# Beans for de-caff espresso



## Ian H (Dec 2, 2013)

As I value my shut-eye, I try not to drink caffeine after 3-00pm. Therefore, coffee drunk after dinner in the evening, needs to be de-caffeinated. Also, the beans need to be available pre-ground. Yes, I know I should be grinding them. But my grinder has ordinary beans in it, so I don't want to "pollute" the de-caff.

I currently use Has-Bean's Premium Unleaded, and I'm very happy with it (thank you Steve!







, although it could be ground a little finer, as it tends to rush through the Gaggia like a dose of salts.)

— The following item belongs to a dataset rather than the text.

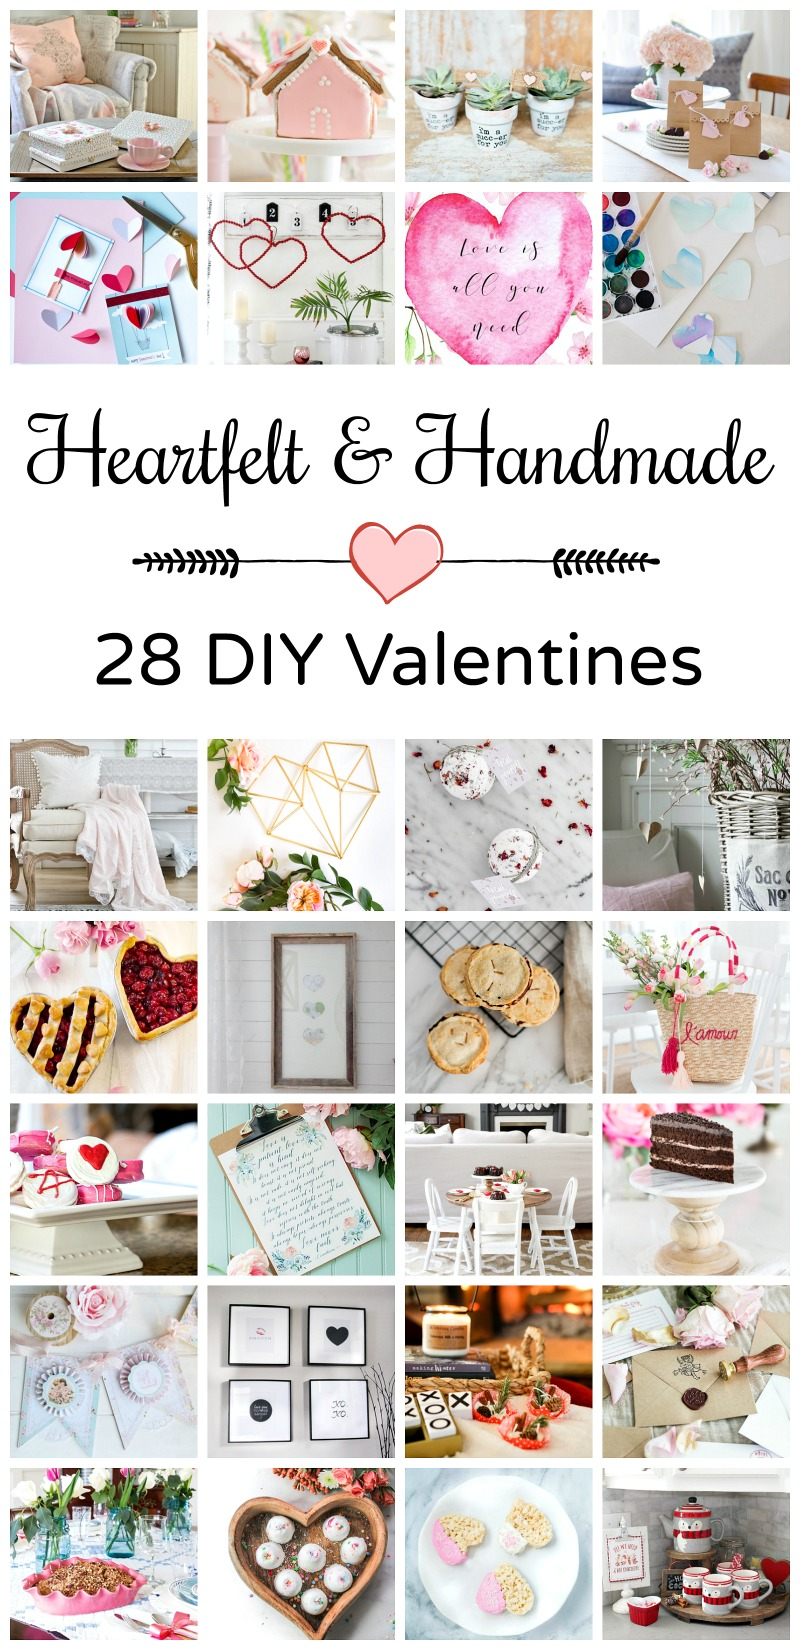 Heartfelt and Handmade - 28 DIY Valentines

Are there any other de-caff beans available mail order and pre-ground that other forum members would recommend?


----------



## centaursailing (Feb 27, 2012)

Hi Ian

I'm using Rave Coffee's 'Sparkling Water Decaff Blend' at all times of the day. It's among the best decaff I've tasted and is also pretty forgiving regarding over and under extraction. I buy the beans in 2 x 1 kg orders, each kg costing £14 (over £25 gets free delivery). They offer them as whole beans or grinds, here's the link: http://ravecoffee.co.uk/collections/coffee-bean-blends/products/sparkling-water-decaf-blend

Hope this helps.


----------



## Ian H (Dec 2, 2013)

Thanks Rod - I'll give them a look


----------



## ojush (Feb 5, 2013)

The Rave Sparkling Water beans are very nice. (Nicer than the old Rave decaf).


----------



## Ian H (Dec 2, 2013)

1 kg arrived yesterday. Let's see how things go.


----------



## hotmetal (Oct 31, 2013)

I'm interested to hear what you think, I don't sleep so well either and generally max out on coffee during the morning, have to go cold turkey all afternoon. Some decaf that tastes nice might be a grand idea (assuming I can be bothered with dialling in and out). I think I might baulk at another grinder just for decaf - my kitchen is the size of a shoe box and I couldn't fit it anywhere.


----------



## JohnPrime (Nov 2, 2014)

Watching this thread closely. Decent, nay, adequate decaf is hard to find.


----------



## Gangstarrrrr (Mar 4, 2013)

Coffee compass decaff is decent.


----------



## JKK (Feb 19, 2014)

Hello

The Workshop Muxball Espresso Decaf beans are supergood !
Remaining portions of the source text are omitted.